Dataset excerpt
################

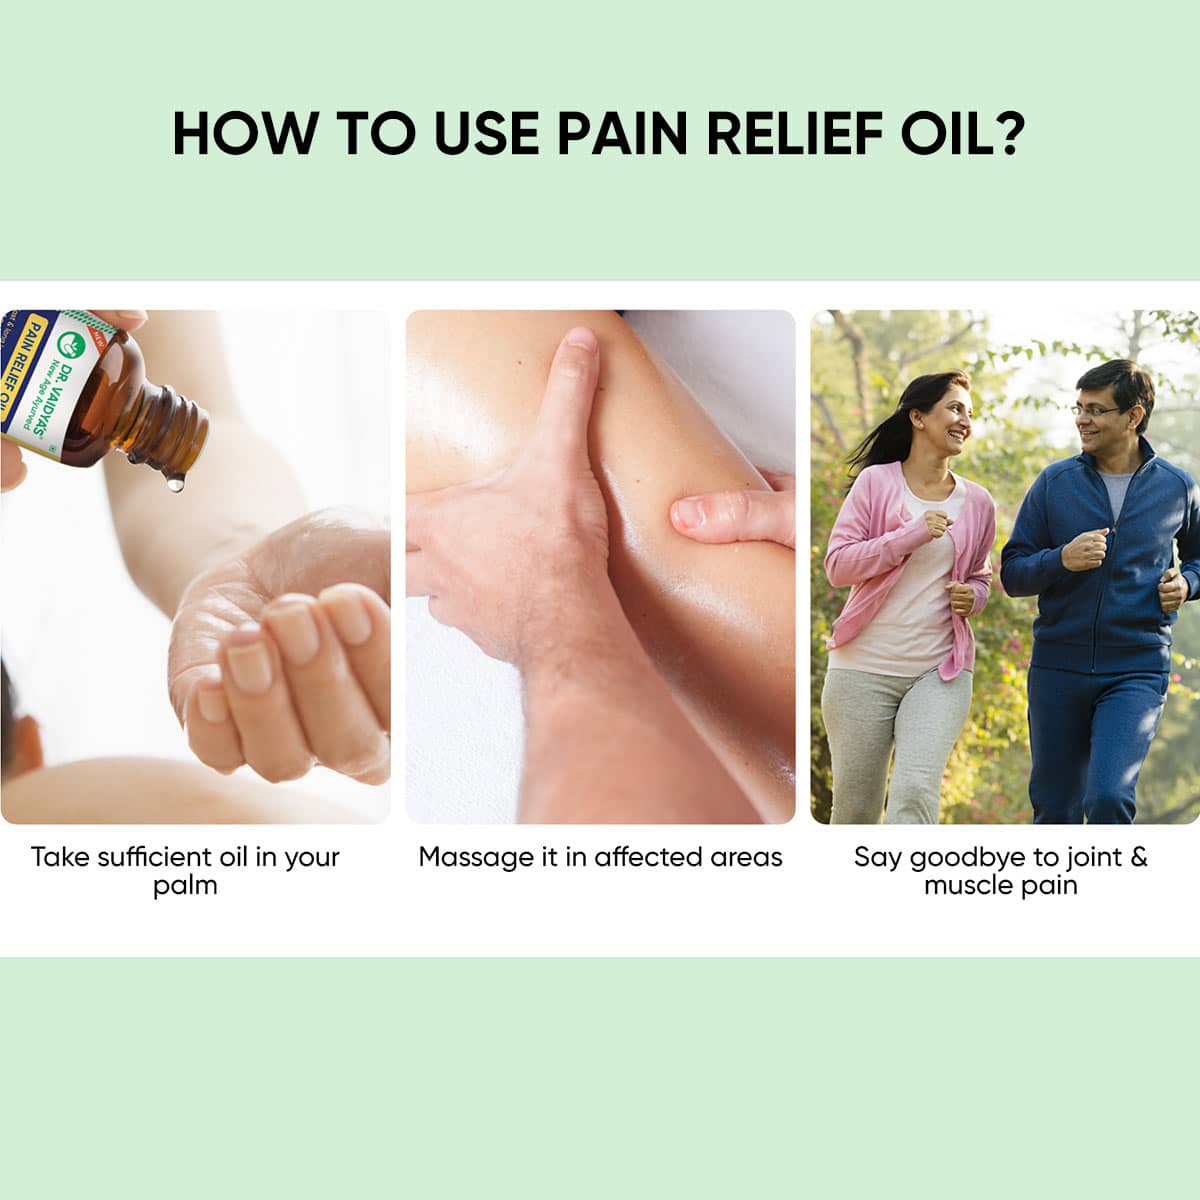 Dr. Vaidya's Pain Relief Oil with Nirgundi for Joint & Muscles Pain
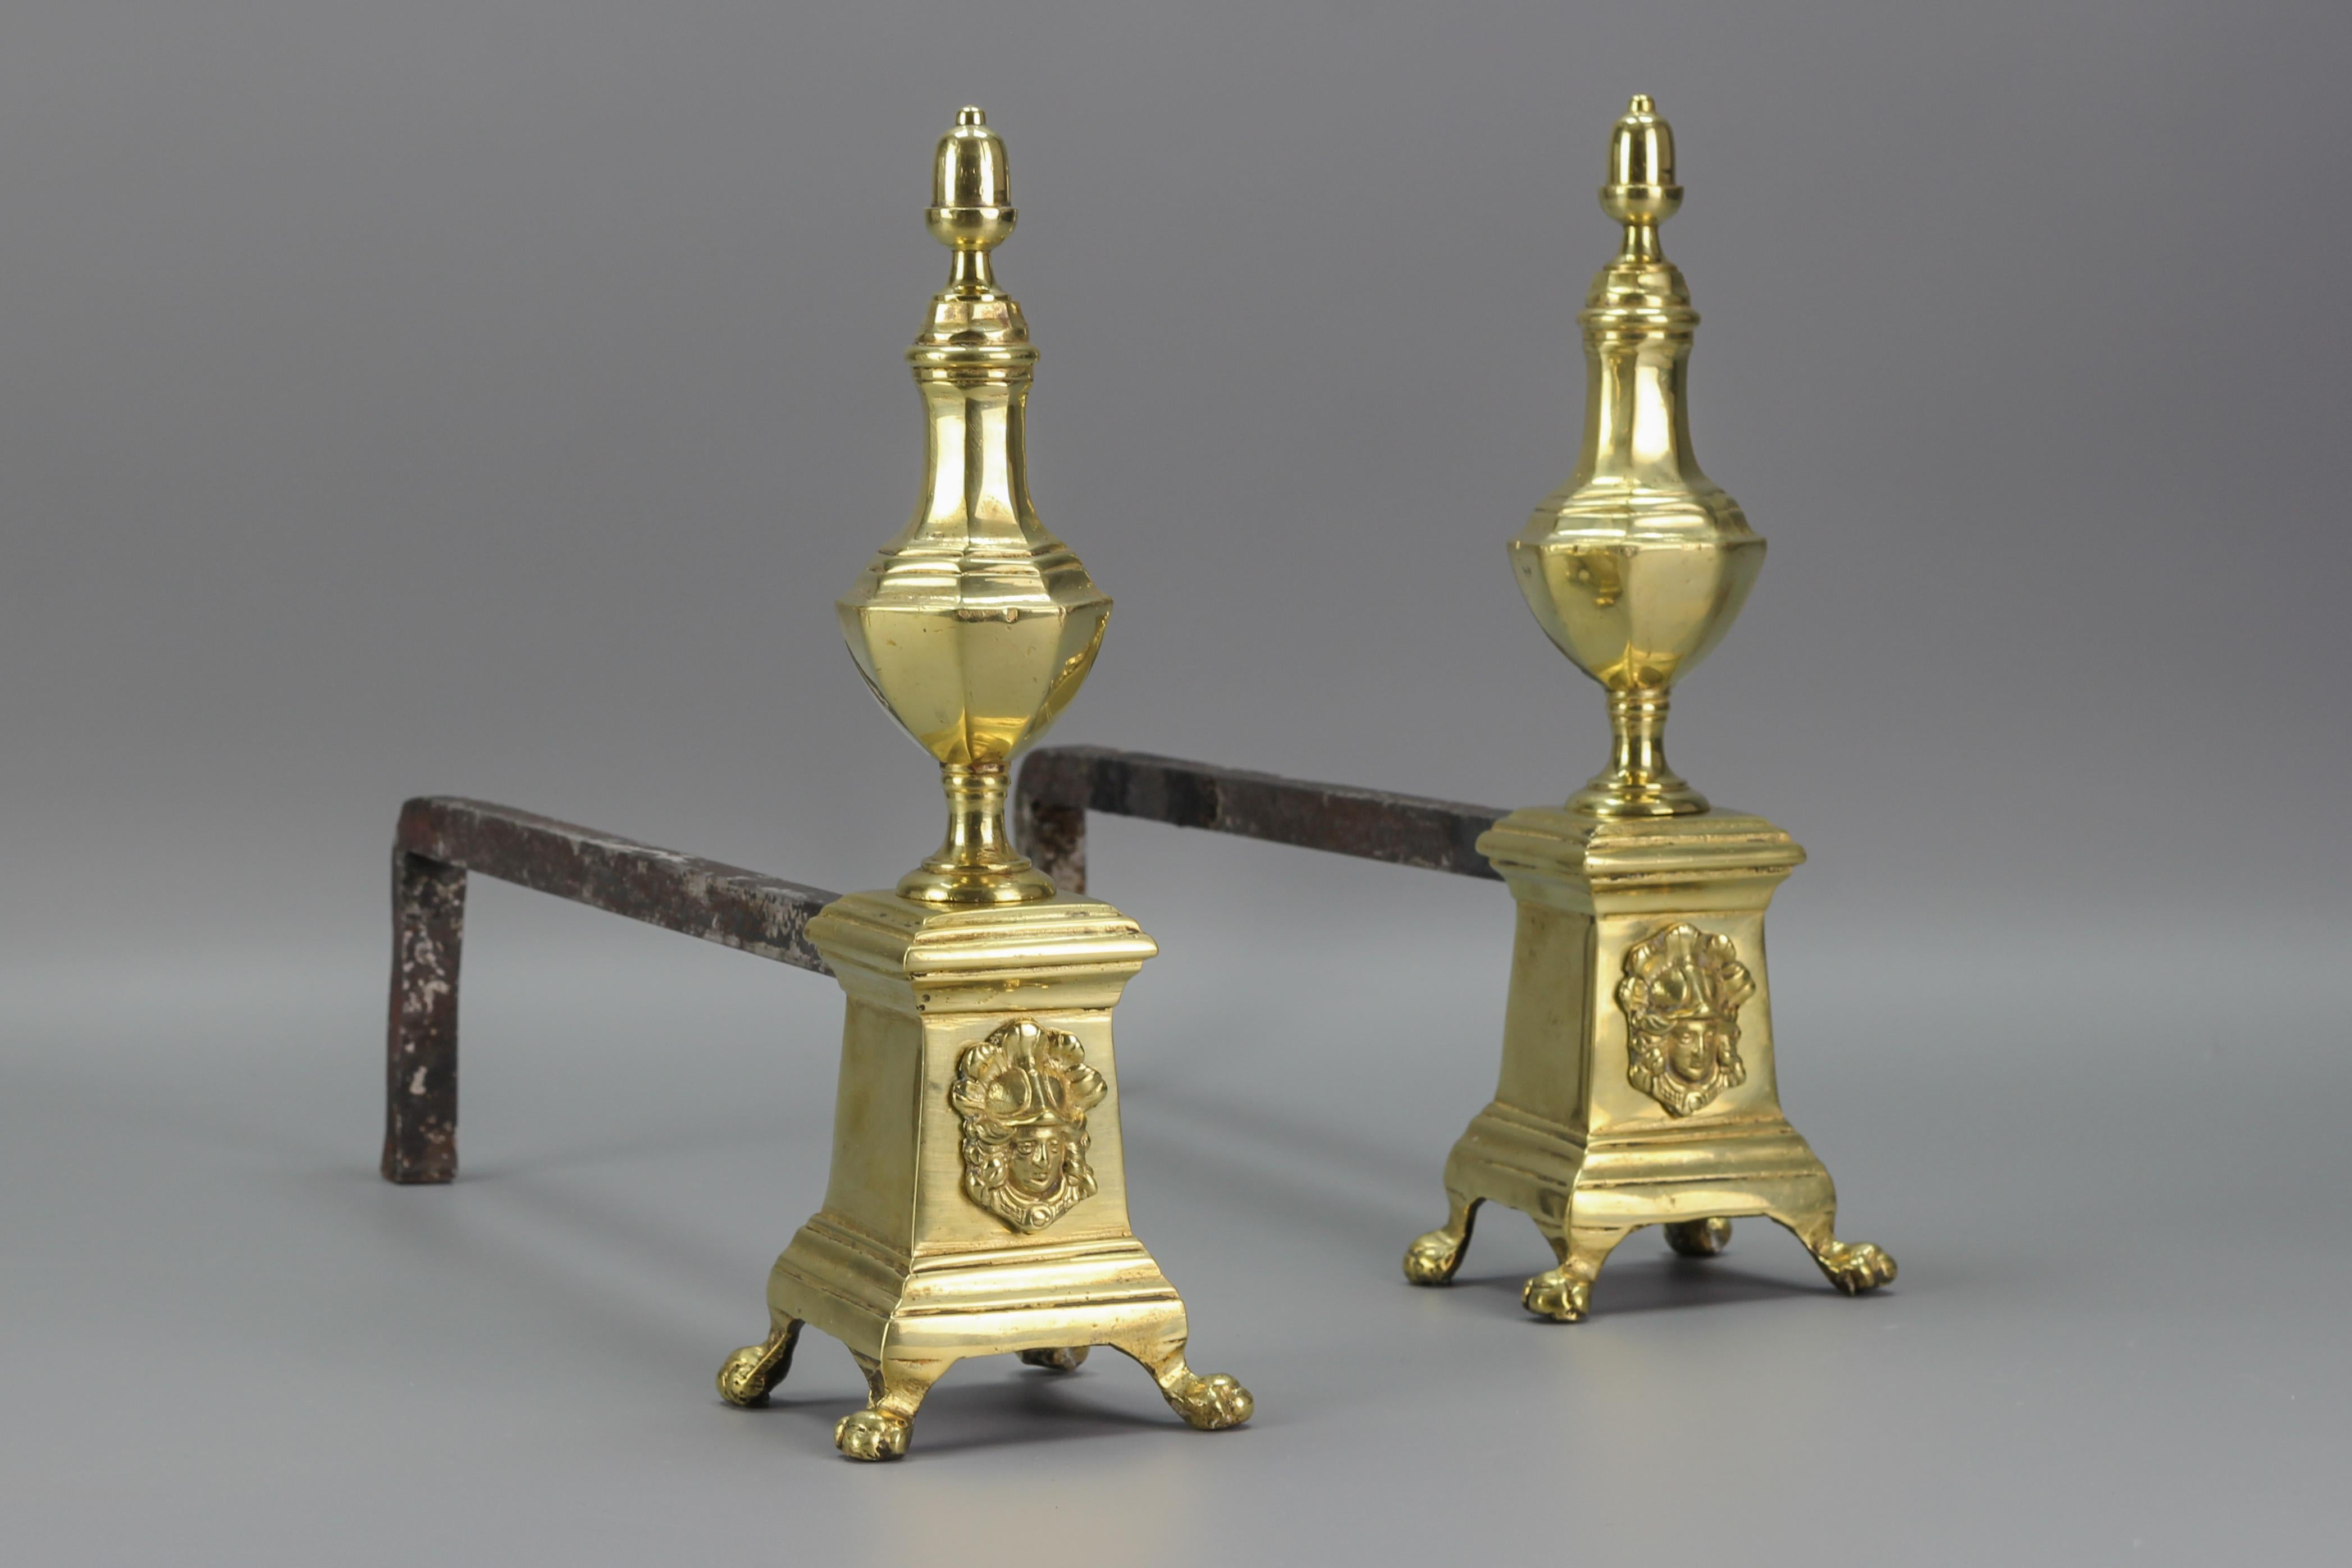 A pair of antique firedogs made of bronze and iron, France, early 20th Century. These marvelous firedogs or andirons feature bronze construction in baluster form, raised on paw feet, decorated with the goddess's face on the front.
In good condition
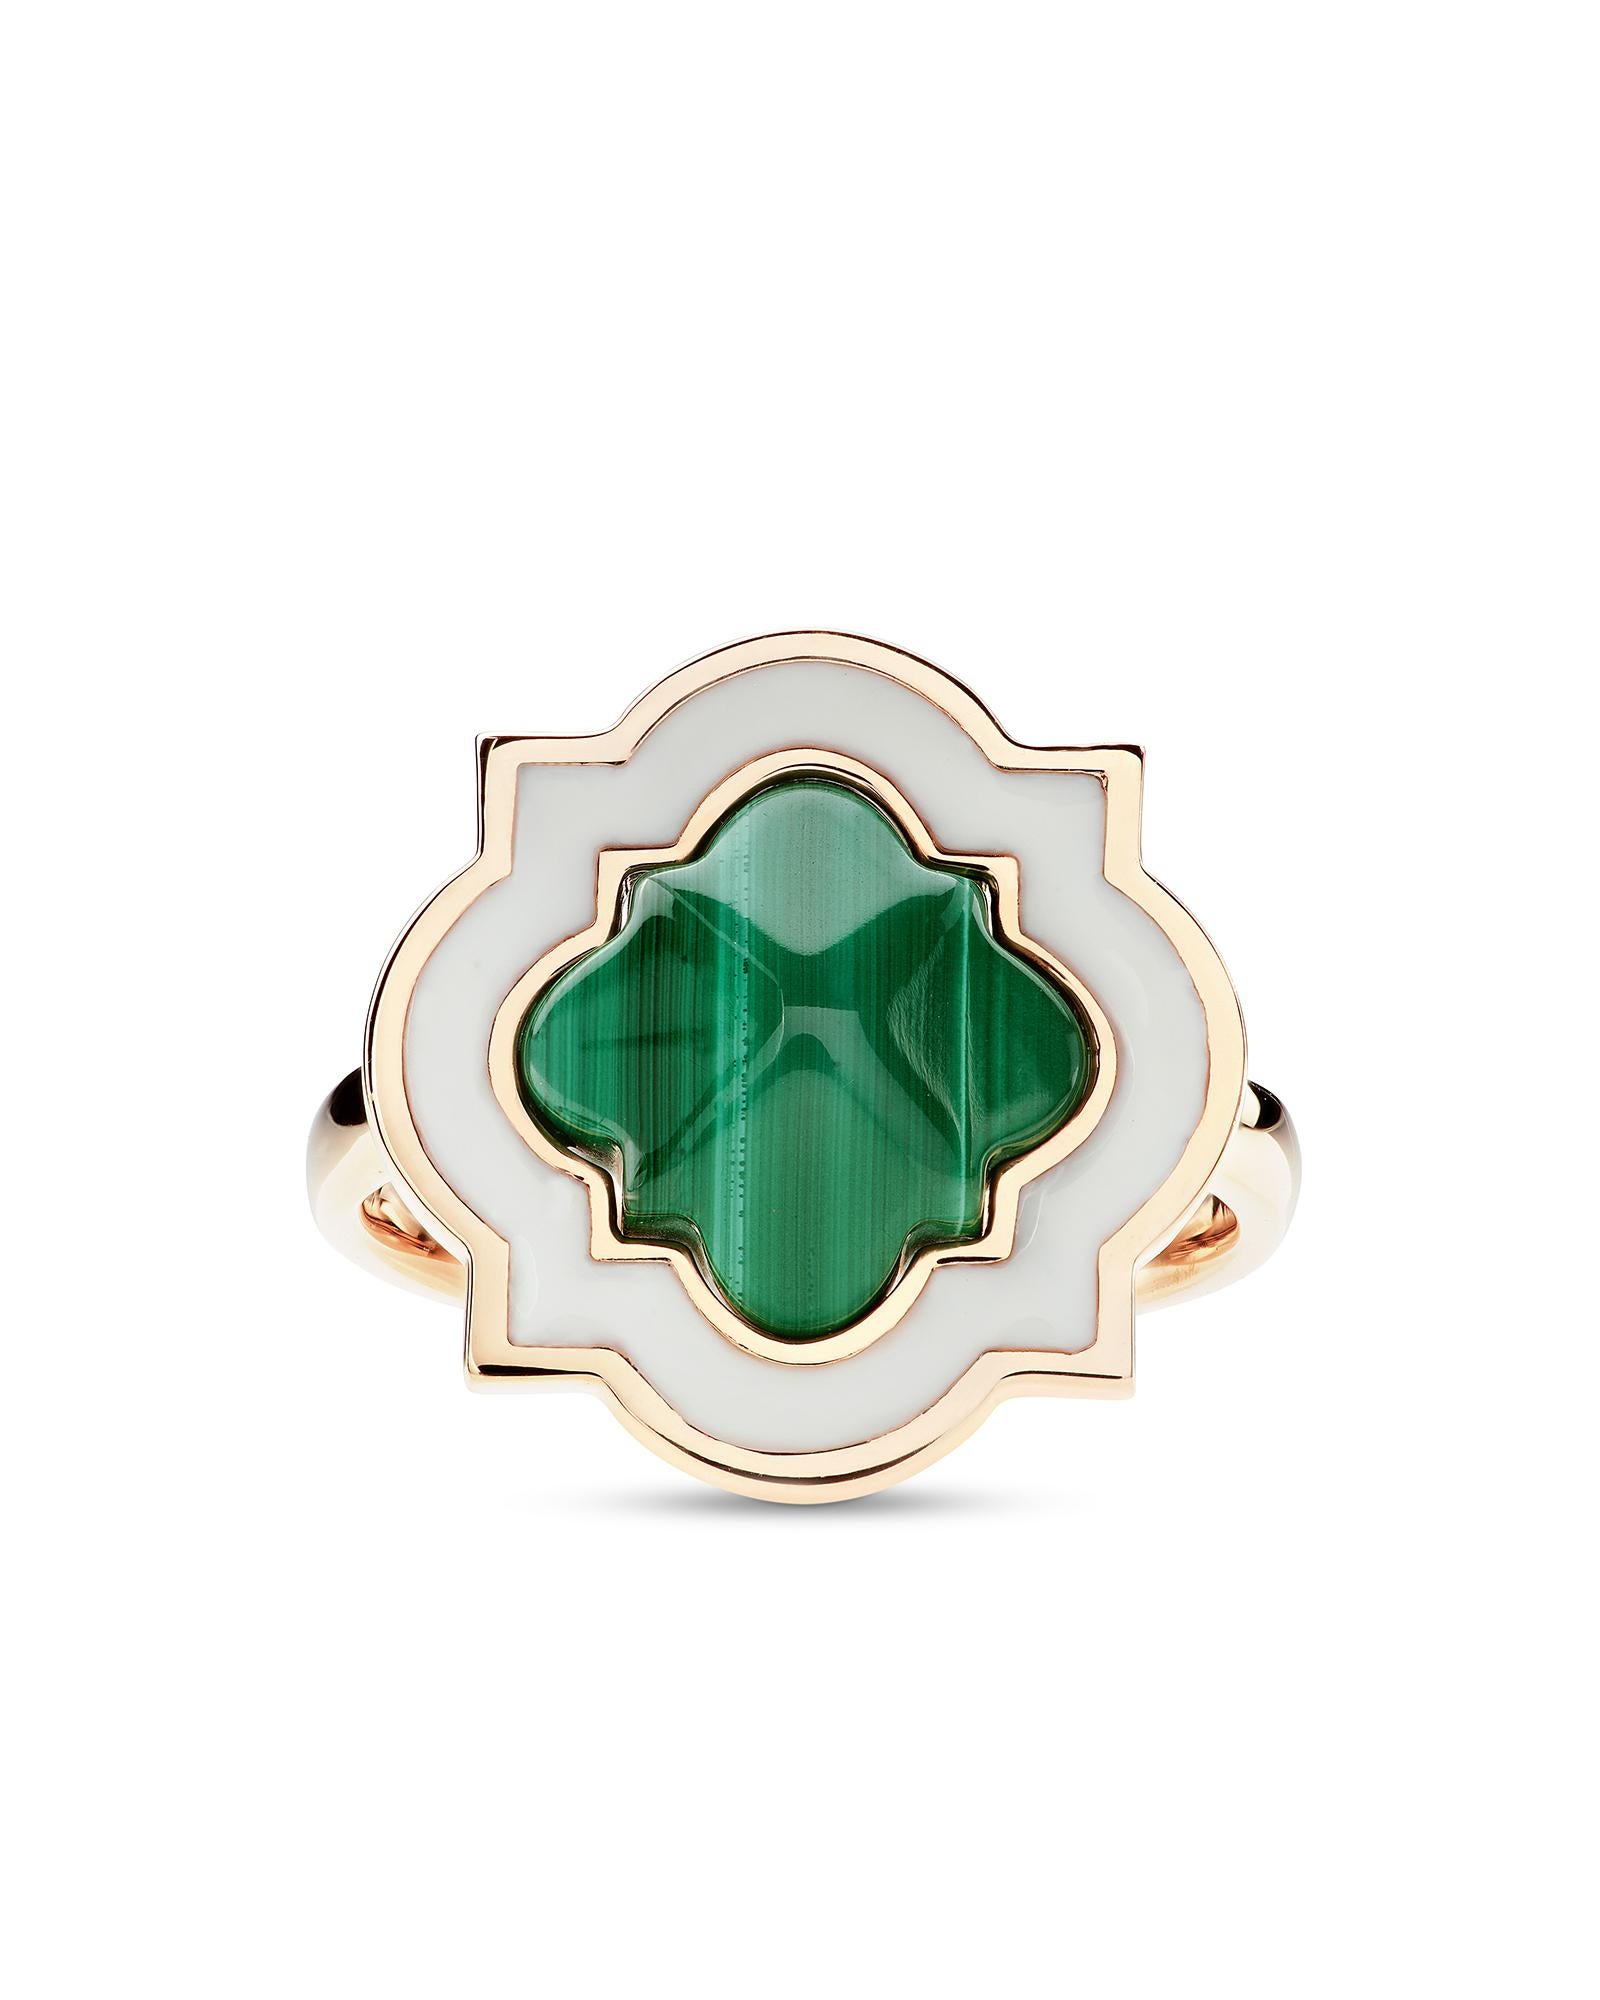 This ring with an iconic design is characterized by a bold aesthetic that combines materials, colors and essential lines. The geometeric lines reveal a fluid and sinuous trait and are animated by the intense light of the white enamel and embellished

################

Work instruction
Start to finish, write out the data above exactly, omitting all pictures.

Answer for this exercise
 Dr. Vaidya's Pain Relief Oil with Nirgundi for Joint & Muscles Pain
 A pair of antique firedogs made of bronze and iron, France, early 20th Century. These marvelous firedogs or andirons feature bronze construction in baluster form, raised on paw feet, decorated with the goddess's face on the front.
In good condition
 This ring with an iconic design is characterized by a bold aesthetic that combines materials, colors and essential lines. The geometeric lines reveal a fluid and sinuous trait and are animated by the intense light of the white enamel and embellished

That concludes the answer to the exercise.